Thursday, September 06, 2012

Raining a little on the Democrats' festivities


Don't get me wrong -- I'll be voting for President Obama and I sure don't want the other guy. That one seems to be an ambitious sociopath, adhering to no principle but his own benefit. It would be irresponsible not to strive to get the lesser evil.

But I think we have to realize that our excellent Democratic President has definitively either failed or actively betrayed those of us who hoped that a Democratic administration would repudiate the surveillance state at home and torture abroad. Get this observation from Washington Post wonk Ezra Klein on the party platform:

President Obama pledged to close the Guantanamo Bay Facility and even signed an executive order, on his second day, to do so. That makes this brag a bit odd: “We are substantially reducing the population at Guantánamo Bay without adding to it. And we remain committed to working with all branches of government to close the prison altogether because it is inconsistent with our national security interests and our values.”

Okay, so they didn't grow the (Cuban) gulag, but they completely failed to reverse the ongoing disdain for domestic and international law and norms by our hyper militarized imperium. If not in words, the Obama administration in practice has followed the Bush/Cheney trajectory of admitting no limits on its conduct in the name of "security." Now it emerges that they intend to keep a nice, unregulated offshore prison in Afghanistan once the U.S. finally withdraws. (I won't be surprised if Afghans manage to undermine that plan.) And there is no sign that the voters care about all this imperial overreach, so naturally the politicians don't either.

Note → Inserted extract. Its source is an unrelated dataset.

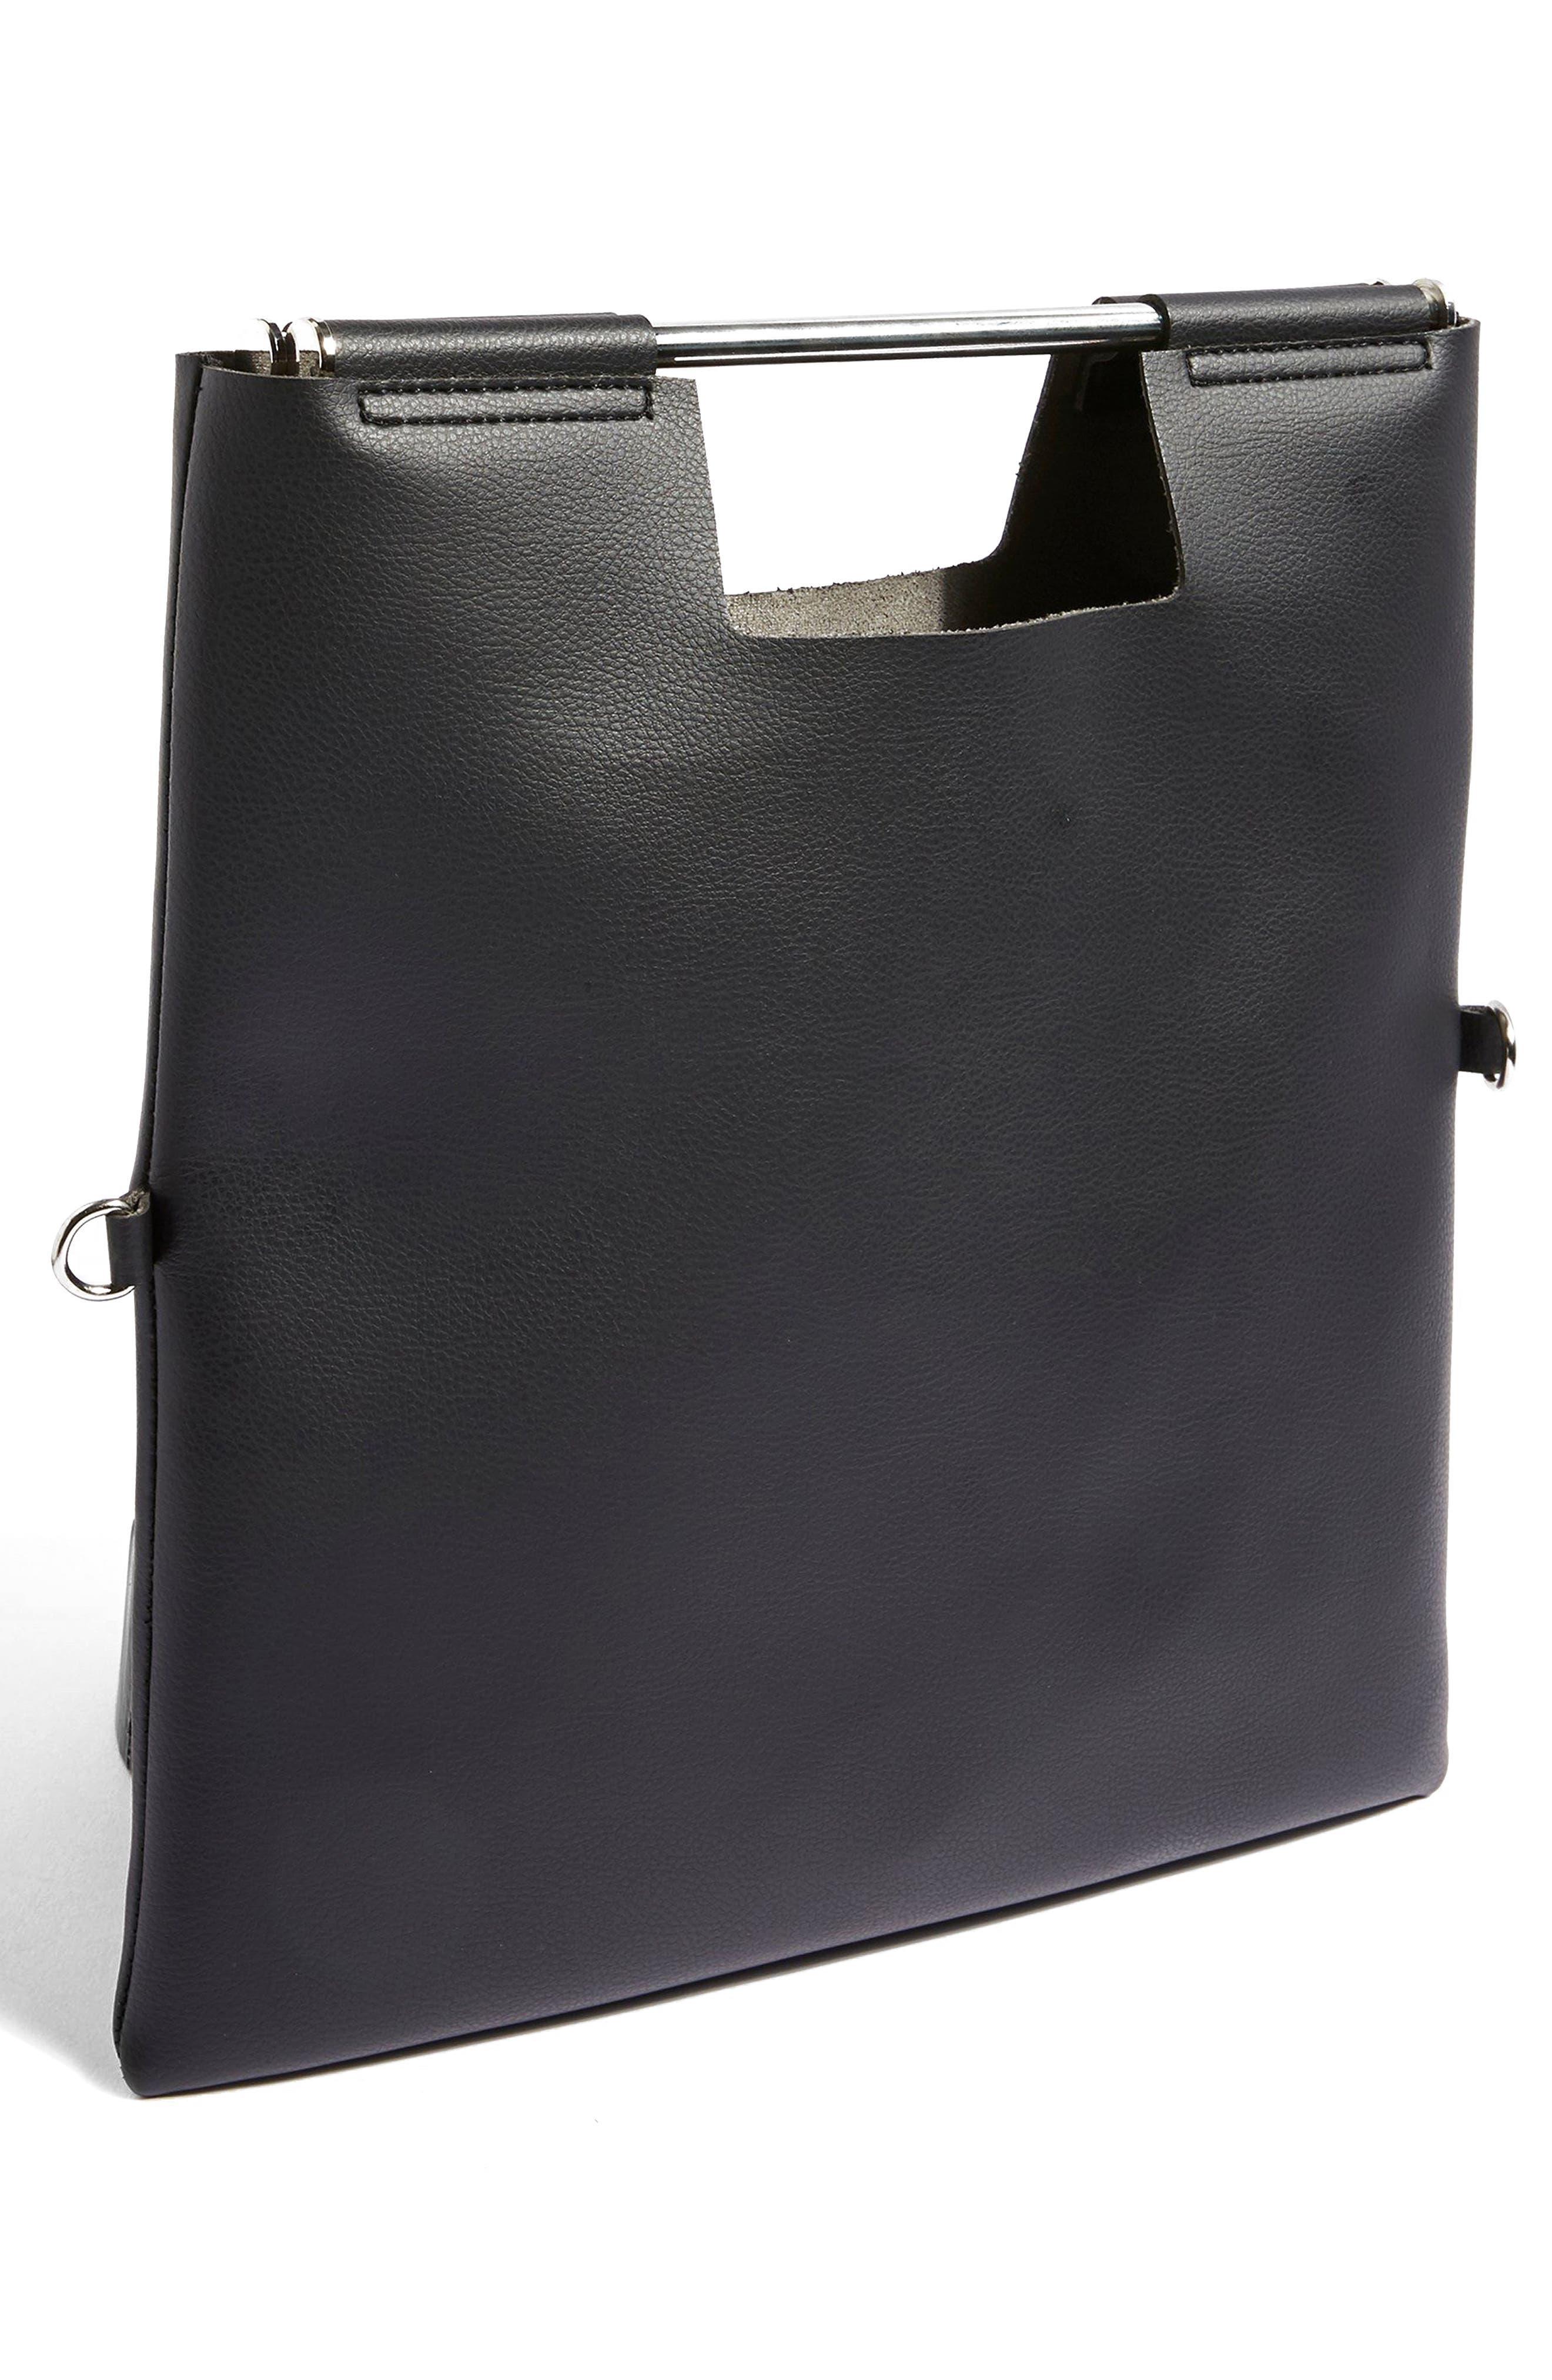 Lotus Metal Handle Clutch Bag,                             Alternate thumbnail 4, color,                             Black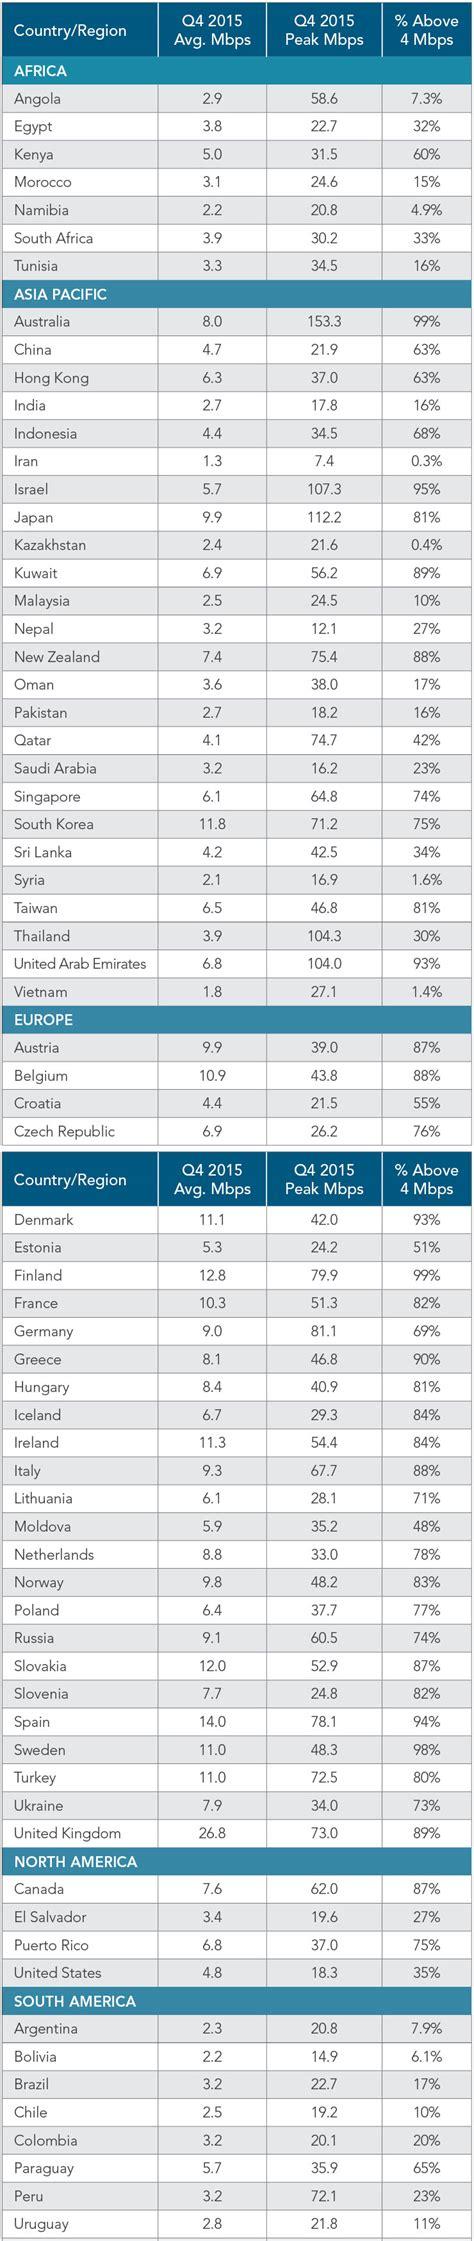 mobile speeds mobile broadband speeds south africa vs the world

Last week, Kevin Drum expressed sentiments I can only share:

I don't write about national security and civil liberties issues as much as I should. Partly this is because I find much of it too grim to bear. But it's also because it seems so hopeless: there's really no significant difference between the two major parties on most of these issues, and therefore no real chance of any of them being changed. There are differences at the margin — Obama banned torture and Eric Holder at least tried to institute civilian trials for terrorist suspects — and during campaign season even modest differences become magnified. But really, there's a pretty broad bipartisan consensus on all the big stuff: drones and assassinations and secrecy and military intervention and the ever increasing role of surveillance in our society, just to name a few items.

Minimally, those of us who do care must keep on telling the truth about these matters; otherwise we betray ourselves.